The attempted reorganization of the two companies was unsuccessful and marred by acrimony and rancor. The Trustee assumed control of the companies' operations. Hellring Lindeman was required to address the many conflicts that arose between the Lipari family and the Trustee in the course of the daily operation of the businesses. Hellring Lindeman also filed a reorganization plan and disclosure statement.

As efforts to reach a reorganization plan proved to be unsuccessful, Walder Sondak filed a motion to convert Forist's Chapter 11 reorganization into a Chapter 7 liquidation. On June 30, 1997, the Bankruptcy Court permitted the conversion. Top Grade continued to operate and the parties continued to try to negotiate a reorganization plan. When these efforts failed, the Trustee closed Top Grade. On August 21, 1997, the Bankruptcy Court converted Top Grade's Chapter 11 reorganization into a Chapter 7 liquidation.

Following conversion of the Debtors' petitions, the Bankruptcy Court fixed a deadline for the filing of Chapter 11 administrative claims. Hellring Lindeman filed Chapter 11 fee applications aggregating $ 80,959.75 in fees and $1,403.98 in expenses. The Trustee, the United States Trustee, and Walder Sondak filed objections to Hellring Lindeman's fee application. Each set of objections was limited to the compensability of specific entries.

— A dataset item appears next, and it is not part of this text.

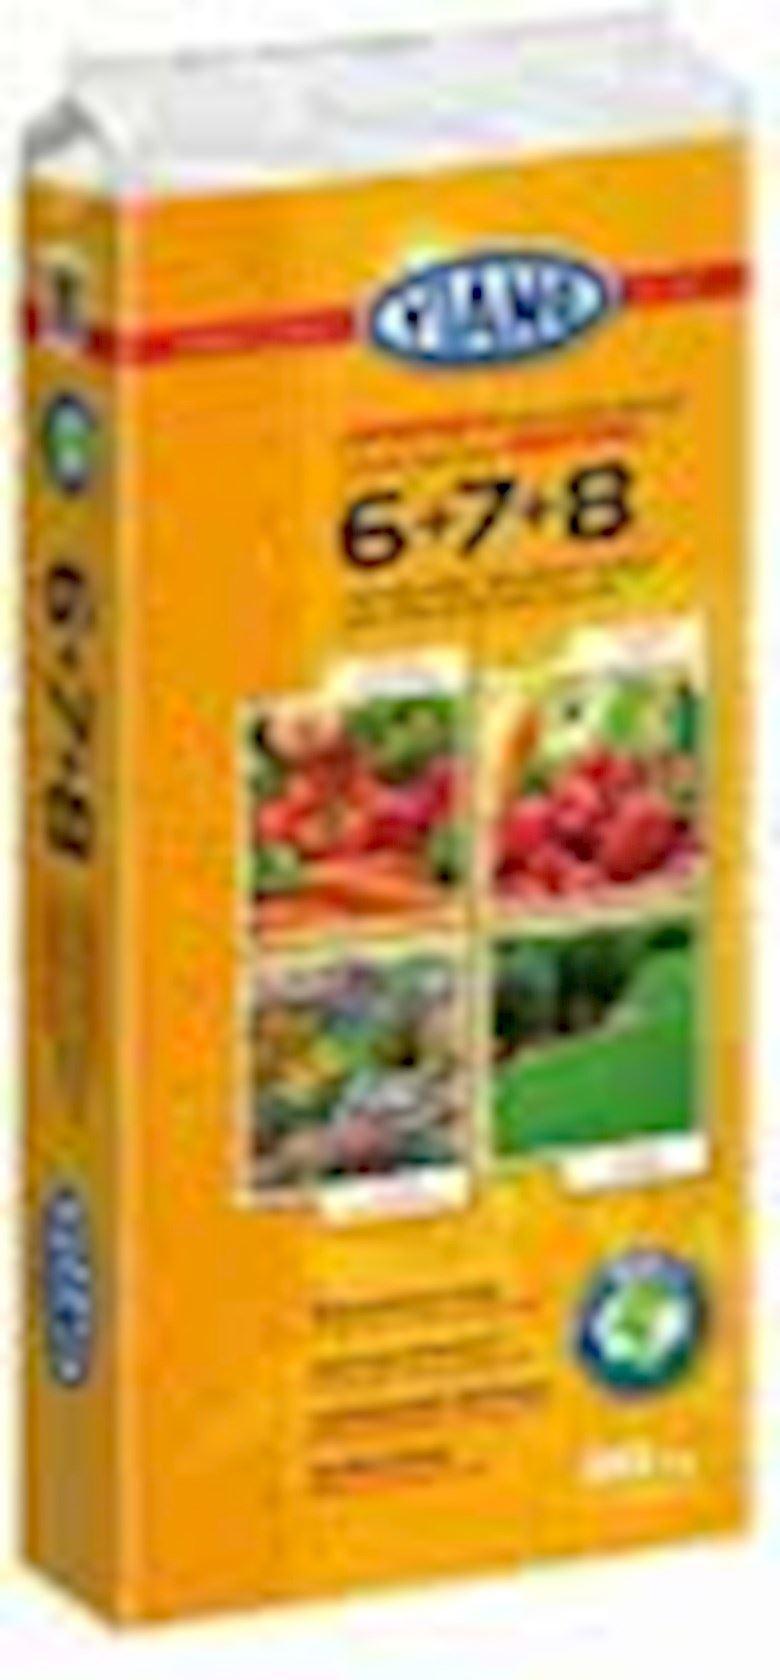 6-7-8-Universele-BIO-Meststof-met-bacterien-zak-5kg

The Bankruptcy Court conducted a single hearing to consider all the fee applications. During its colloquy with counsel, the Bankruptcy Court raised sua sponte the

4 question of whether Hellring Lindeman's Application should be denied in toto. Specifically, the Bankruptcy Court was concerned that Hellring Lindeman's representation of debtors-out-of-possession was of no value to the estate.